Beni met her eyes with petty condescension. "Women give birth. Didn't you give birth?"
"Yes, but under a bloody ton of ether."
If it was even possible, his expression became even more smug. "That's interesting. The women who work for you did not get to use ether."
Jemima's face was marked by reluctant realization, and she conceded, continuing on down the stairs.
"Then who is the most likely to be scared?" she asked quietly.
Beni met her curious eyes with an expert's sneer. "Do you have any men with wives and children?"
She nodded.
"Little children, not adult children. People who depend on him."
Jemima considered this briefly. "Kareem's wife is due with a baby soon."
Beni smirked. "Then go and get him."
She nodded her head obediently and pointed him in the direction of the kitchen, hurrying off to find Kareem. Once she was out of earshot, Beni let out a self-satisfied chuckle and occupied himself with finding something to eat in the cupboards. He stumbled upon a basket of dates and helped himself. He was half-way done eating it when Jemima arrived with a young, confused Arab man at her side.
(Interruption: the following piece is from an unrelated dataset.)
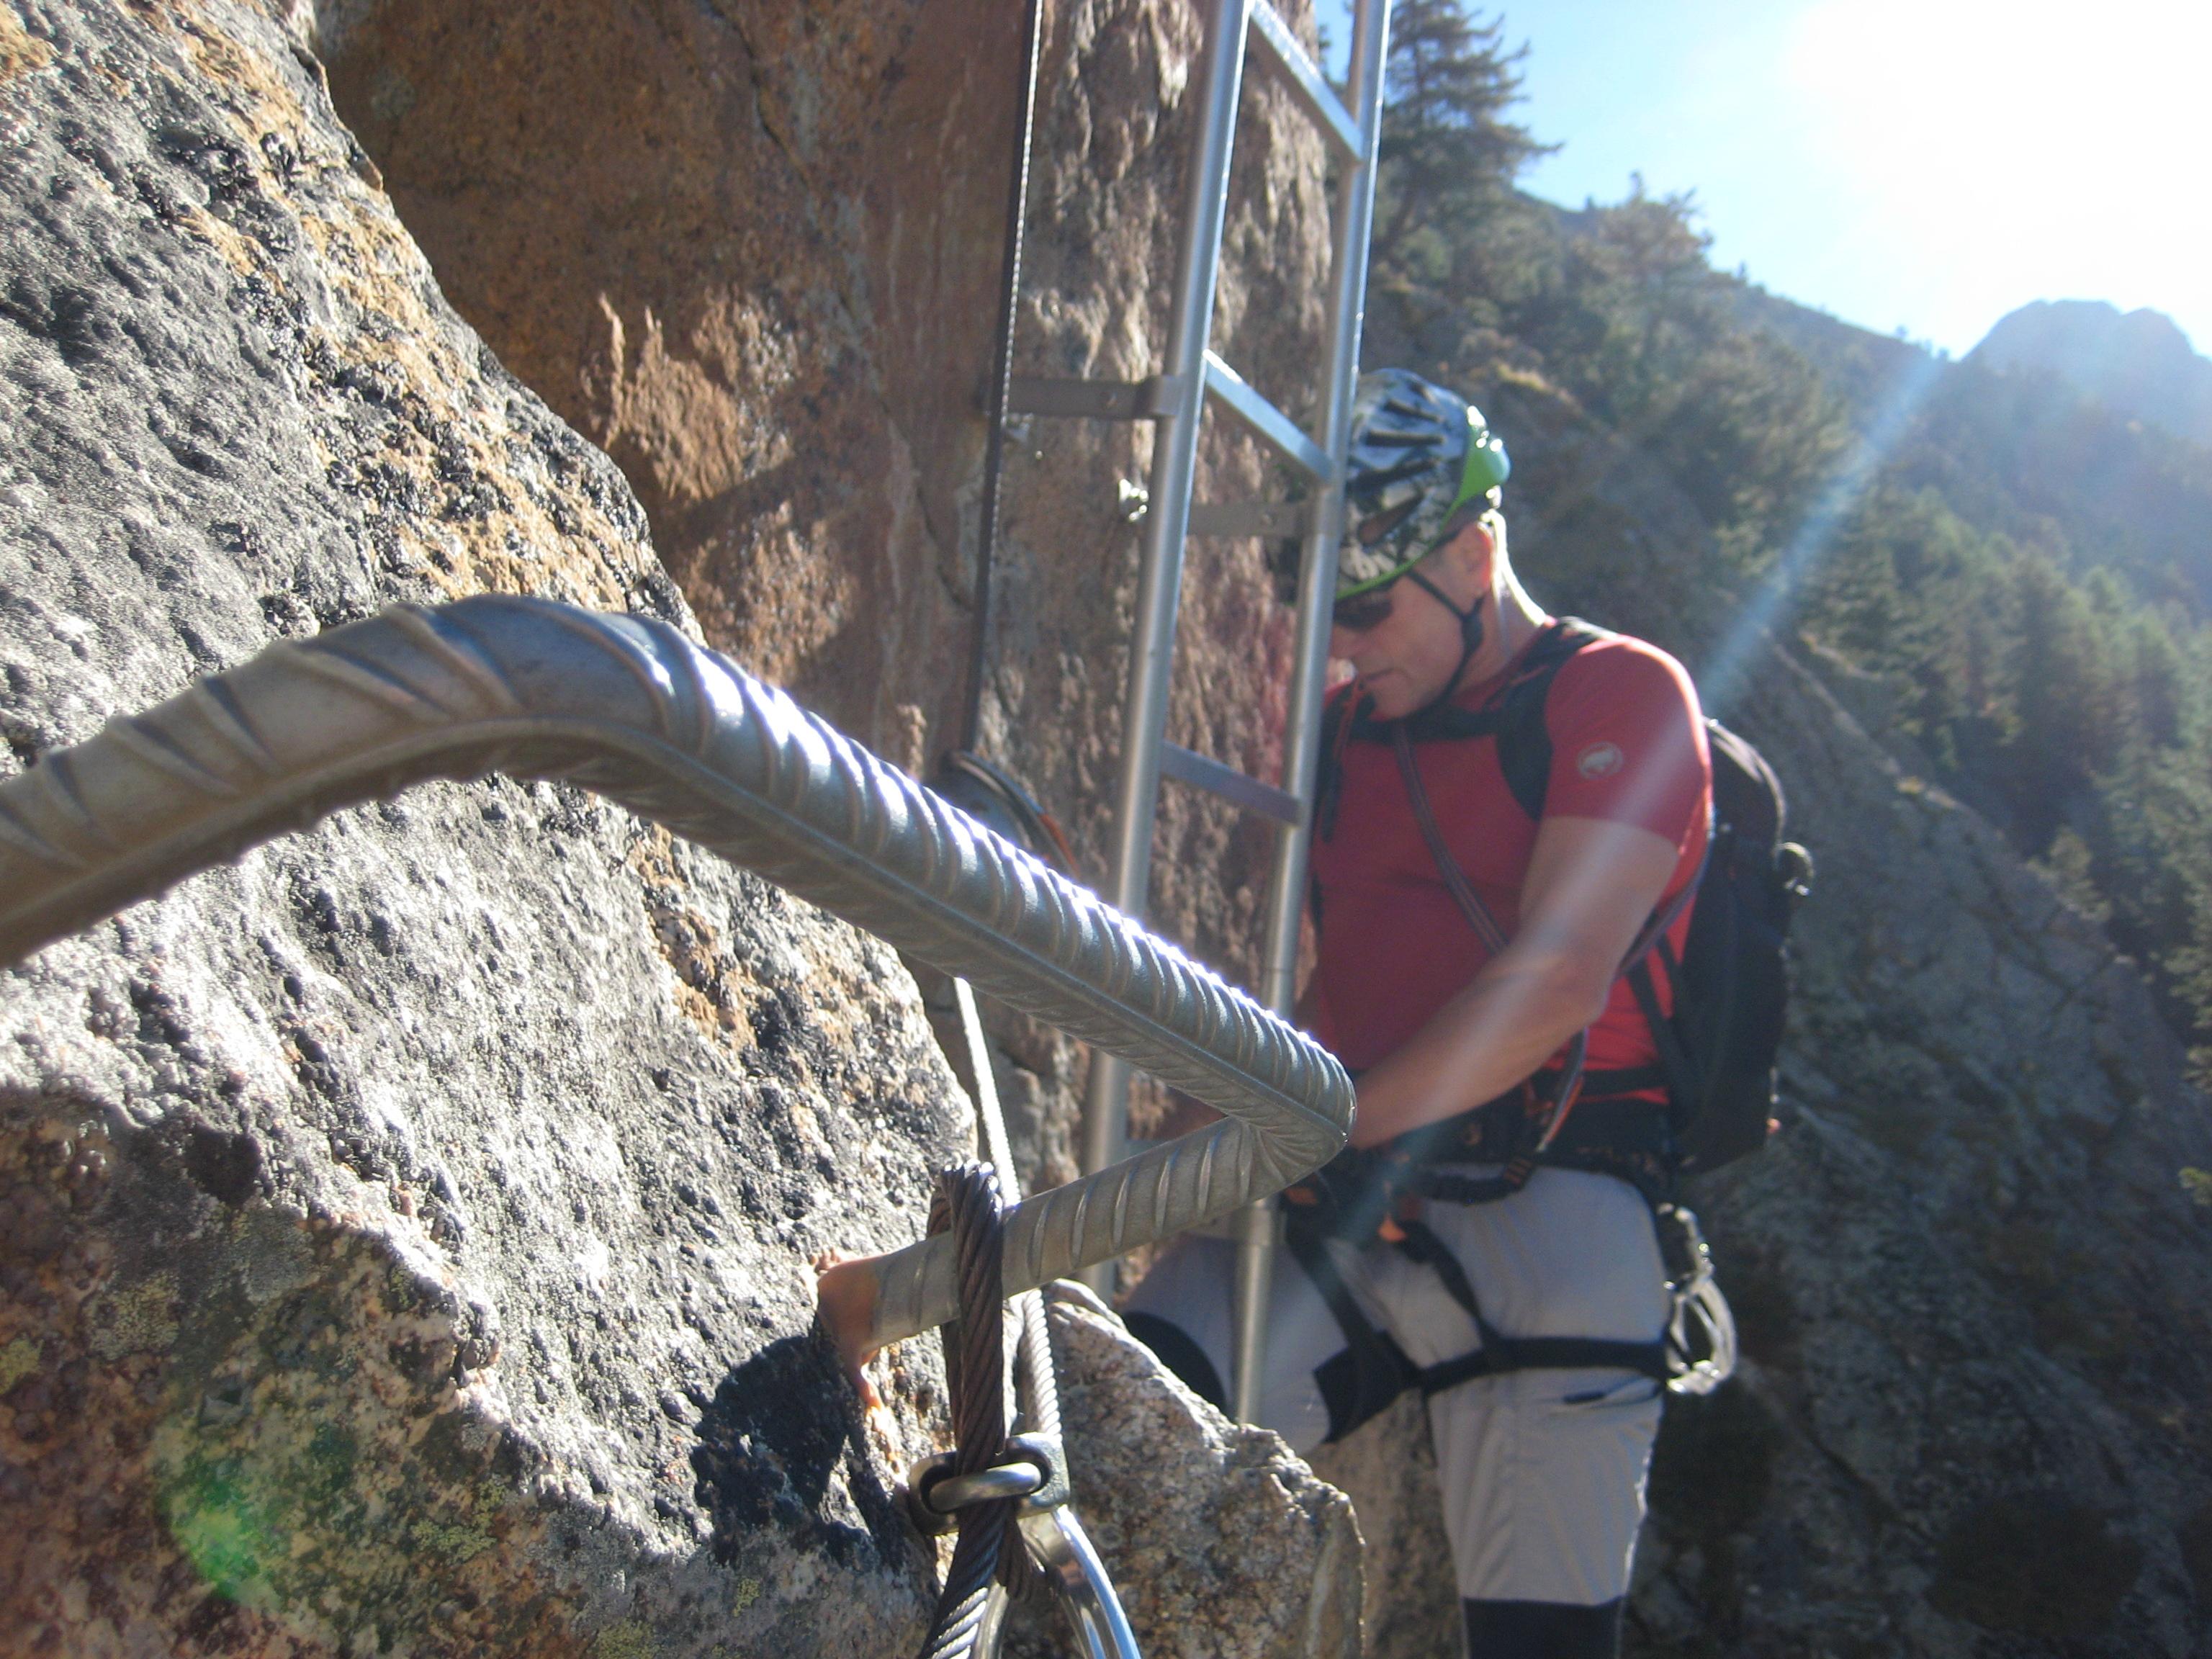 Klettersteig La Resgia : Klettersteig la resgia bergsteigen

The man's dark eyes became quite wide and frightened when he met Beni's cold, nonchalant gaze. He sputtered something about the devil in Arabic, and Beni let out a sigh.
What transpired exactly was a mystery to Jemima. She watched Beni ask Kareem something in rushed, commanding Arabic, and saw the servant shake his head fervently, pleading out words and fast as his mouth could manage. Within about a minute, tears were streaming down Kareem's face, and Beni had finished his fig.
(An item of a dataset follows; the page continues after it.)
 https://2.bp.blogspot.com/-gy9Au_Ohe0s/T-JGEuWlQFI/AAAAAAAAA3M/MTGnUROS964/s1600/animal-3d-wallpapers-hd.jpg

After a very brief silence, Kareem barely muttered two names. Beni gave him a sinister smile, and must have said something dismissive, because Kareem nearly darted out the door.
Jemima stared at him in confusion.
"What just happened?"
Beni shrugged, picking up another date. "Ali and Gafar did it. They had a debt to pay off with their landlord, and they figred you were too drunk and stupid to even notice what was gone." He took a bite of his date, waving his hands and doing an exaggerated, mocking impression of Kareem's sobs: "He tried to stop them, 'but they just would not listen!'"
But Jemima's face remained skeptical and puzzled. "But why did he tell you? What did you say to him?"
Beni swallowed a bite and shrugged. "I did not have to say anything. He knew who I was."
She shook her head. "Then why all this nonsense about pain tolerance and such? Why did you want to do it in the kitchen?"
"Because I was hungry."
"You're unbelievable."
Beni smirked at her shocked and vaguely irritated expression. "Give me back that necklace. I'm not giving you Marie Antoinette's necklace for doing something I could have done myself."
He scoffed so loudly he choked on his fig, and somehow manage to chuckle condescendingly between fits of coughing.
"You think you could have done that?"
She was taken aback. "Well, I could have asked him as well as you did. Kareem's a trustworthy fellow - "
"Kareem thinks you're a drunken idiot just as much as Ali and Gafar do. The only reason he told me anything was because I am Major Gabor."
Jemima stared into his eyes steadily, a strange expression coming over her usually charming face. She ran her tongue over her lips thoughtfully, and glanced at her bare feet on the floor for the sliver of a moment before flitting up to his with an entirely new expression. She closed the distance between them and kissed him hard. He put his fig down and busied himself with untying her robe.
"You're going to come back, aren't you?" she asked breathlessly. "They've no respect for me at all, but they'll have to start listening if you're here."